** Opening DATA PROVIDED block **

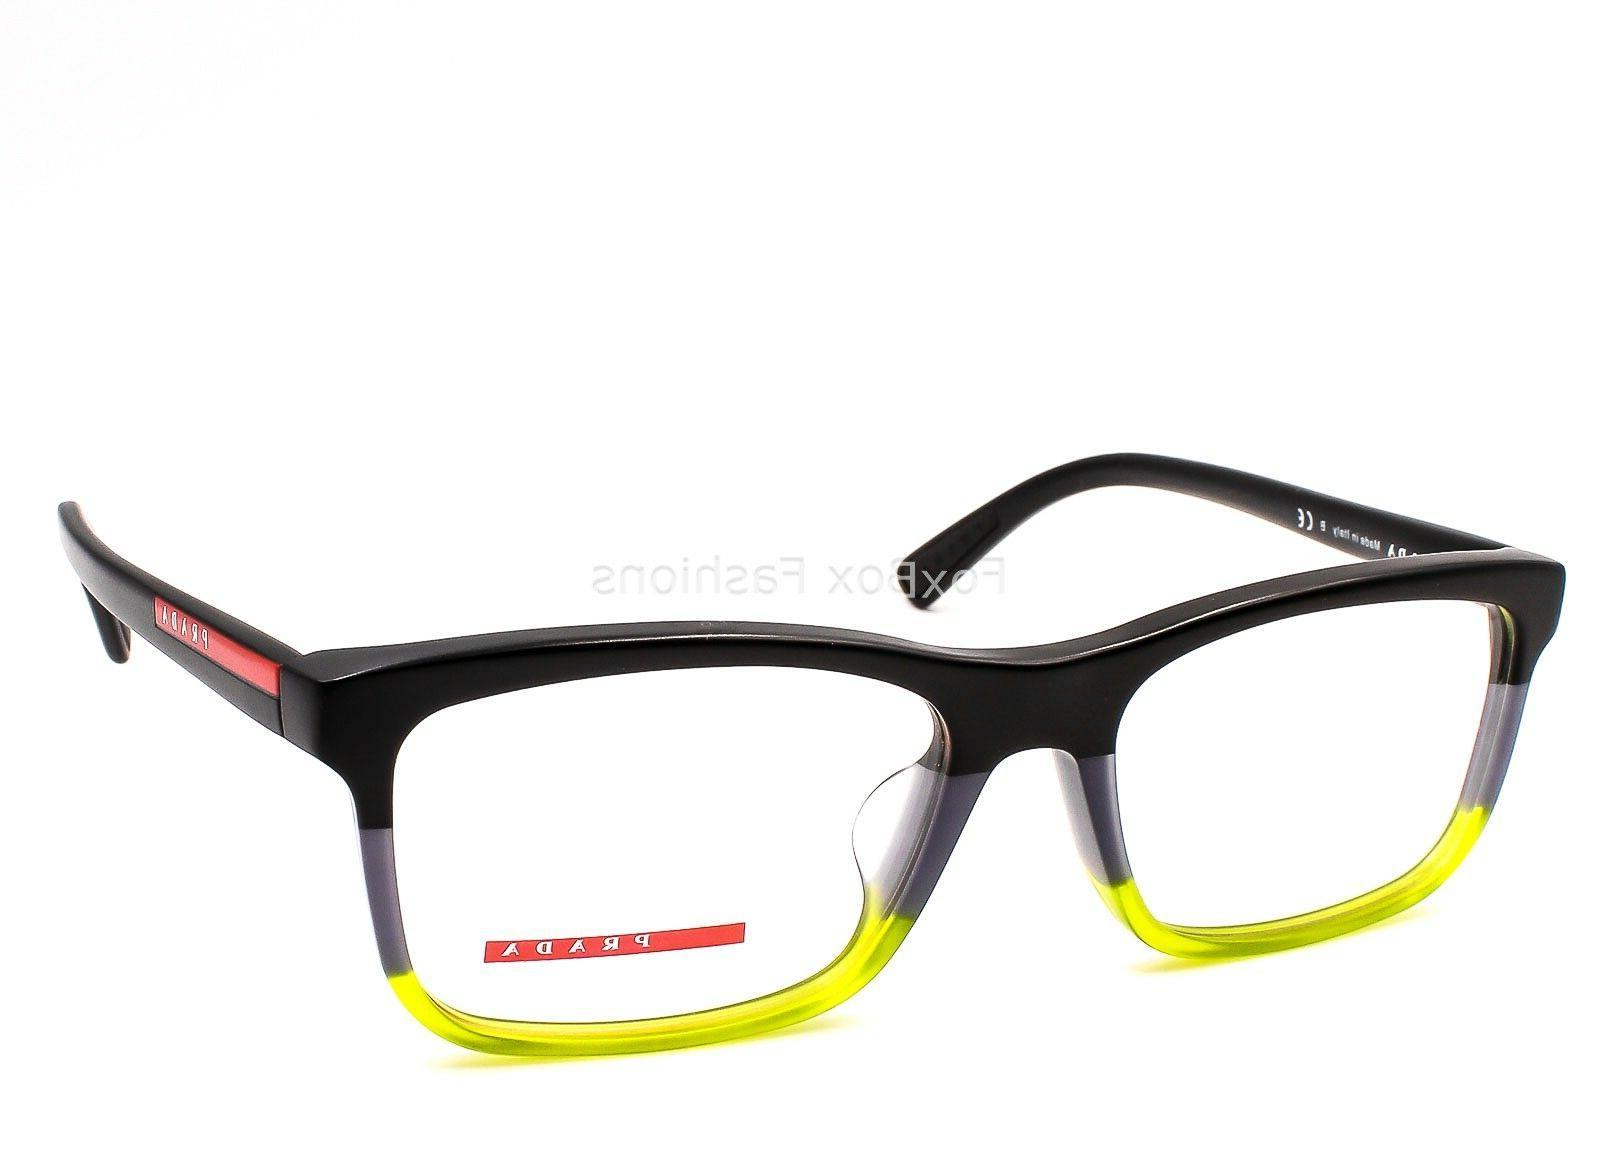 PRADA SPORT 05F F TWU 1O1 Eyeglasses Glasses Black ~ Gray ~
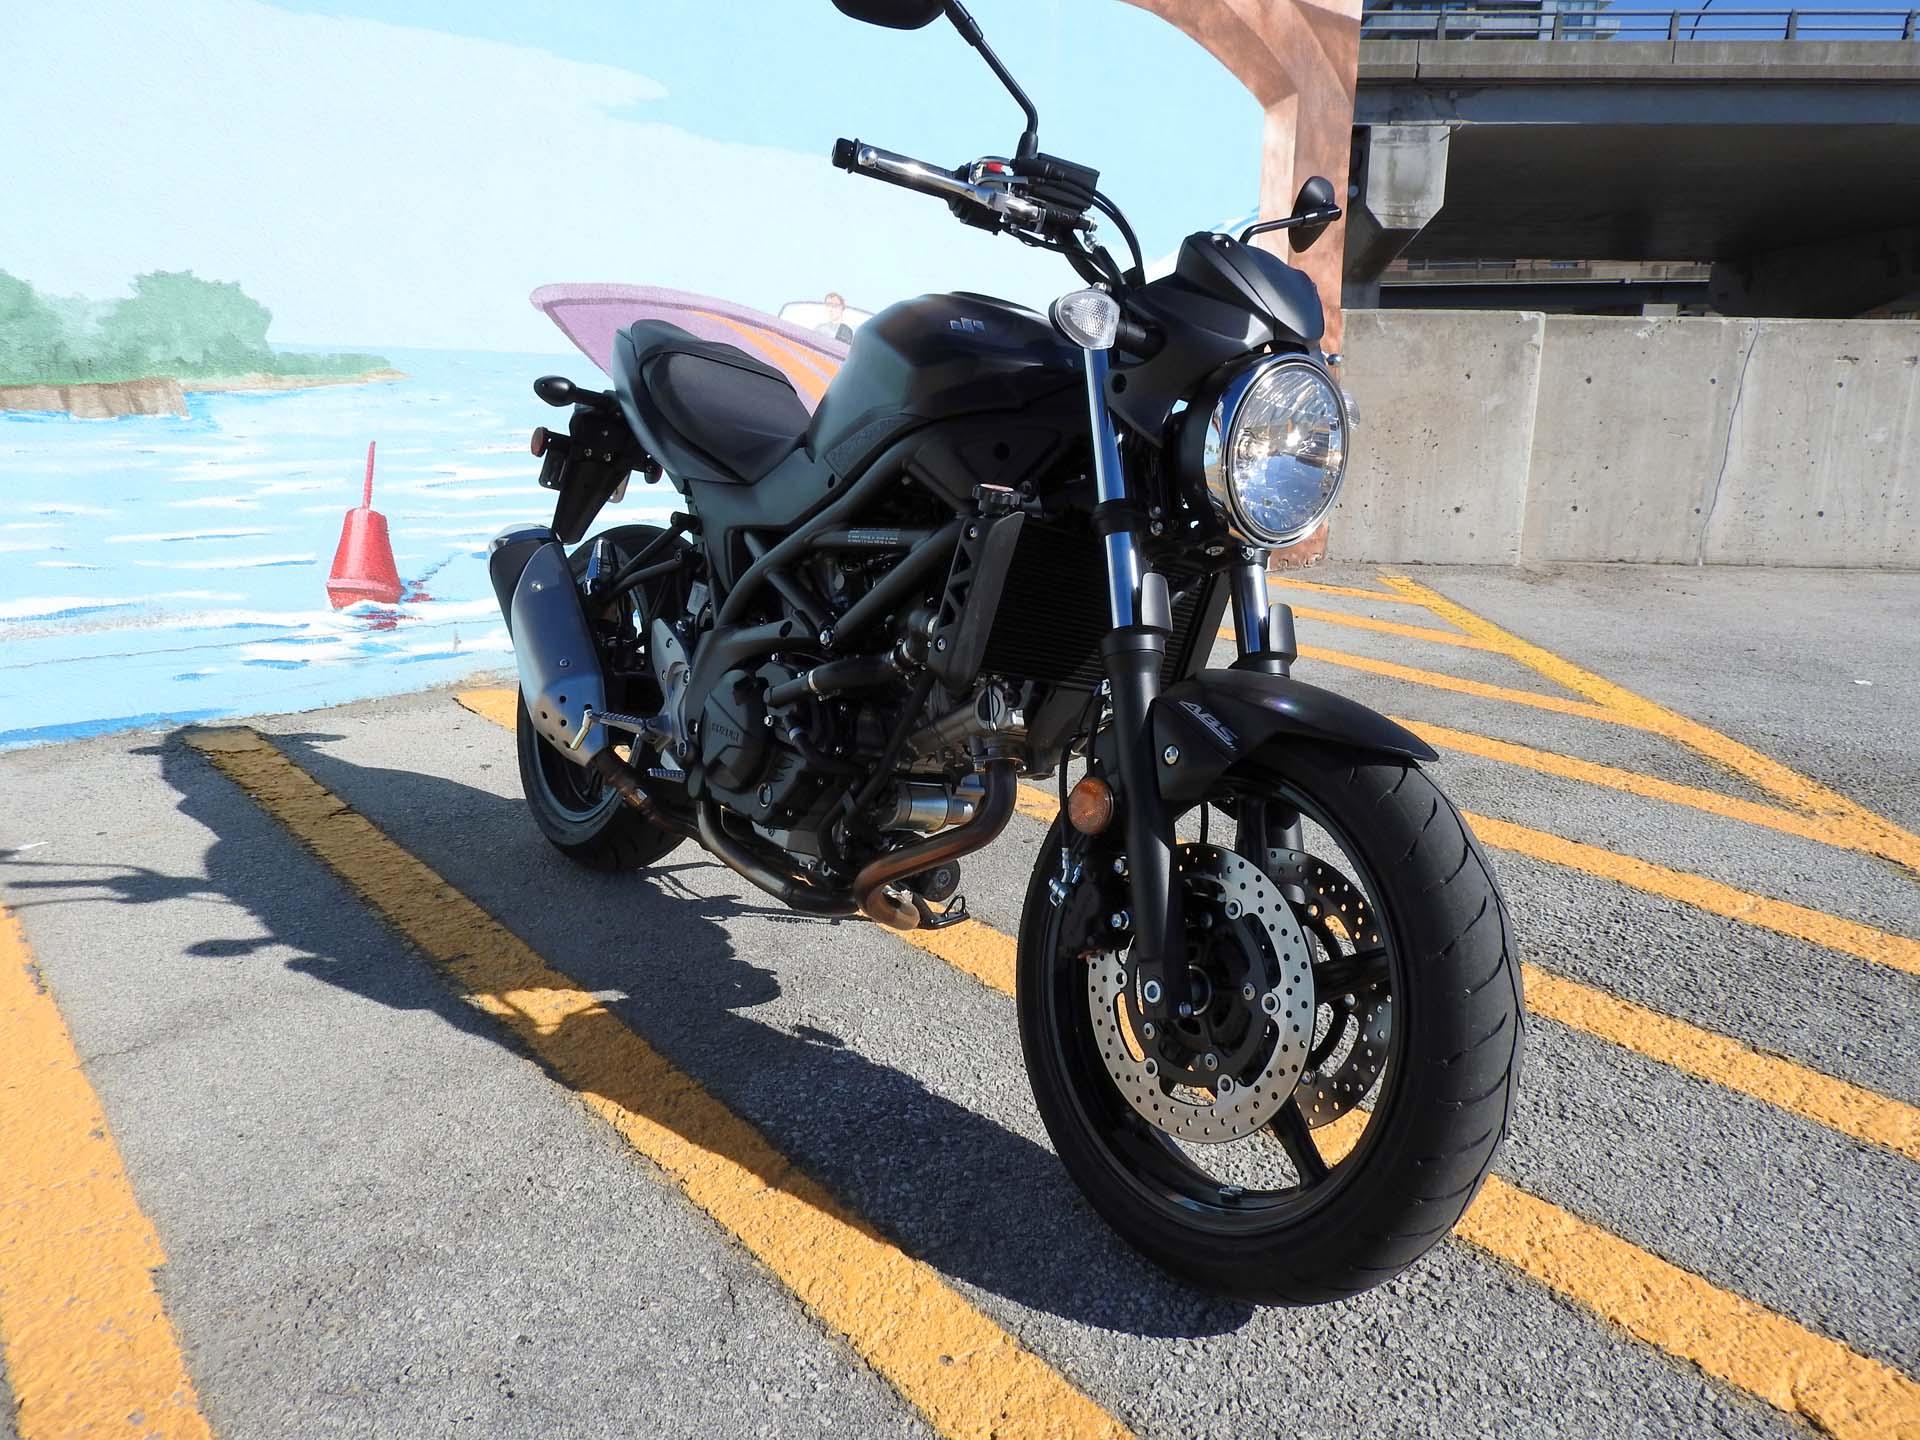 Suzuki SV650 – retro motorcycle
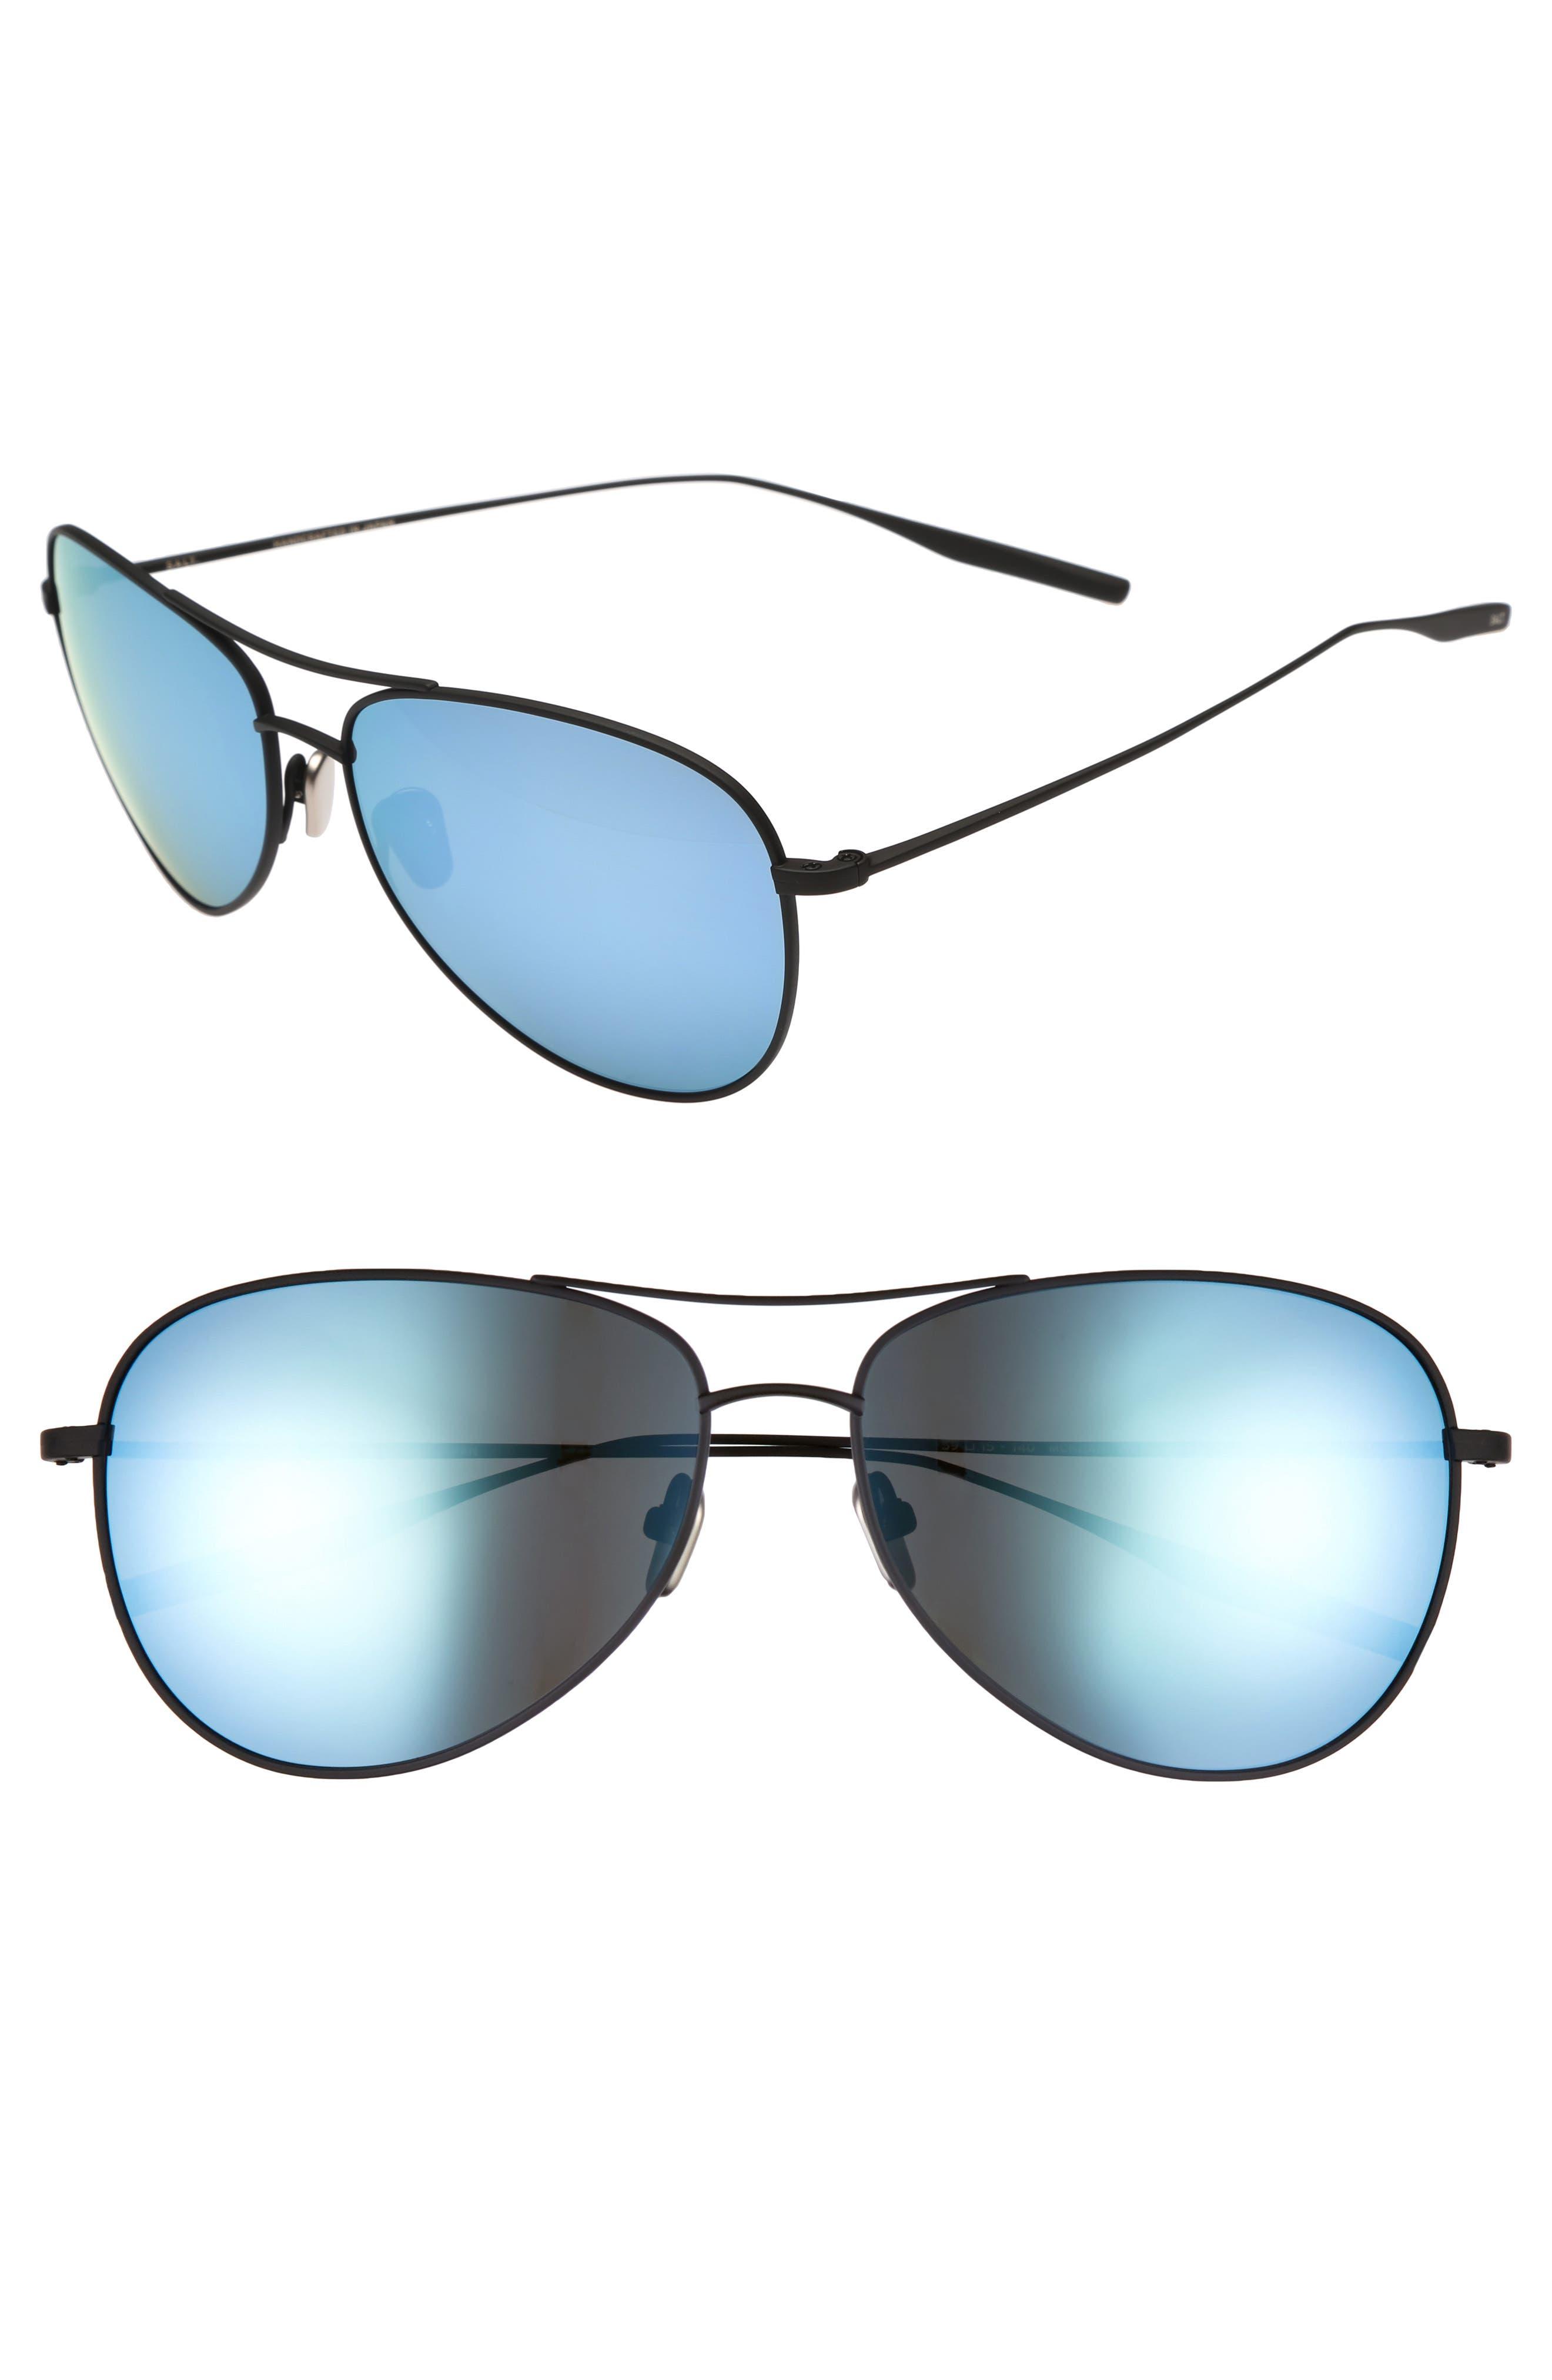 McKean 59mm Aviator Sunglasses,                             Main thumbnail 1, color,                             Black Sand / Mirror Blue

** Closing DATA PROVIDED block **

TASK BRIEF ▸ The whole listing must be restated word for word. Leave out any pictures.

ANSWER ▸
 PRADA SPORT 05F F TWU 1O1 Eyeglasses Glasses Black ~ Gray ~
 Suzuki SV650 – retro motorcycle
 McKean 59mm Aviator Sunglasses,                             Main thumbnail 1, color,                             Black Sand / Mirror Blue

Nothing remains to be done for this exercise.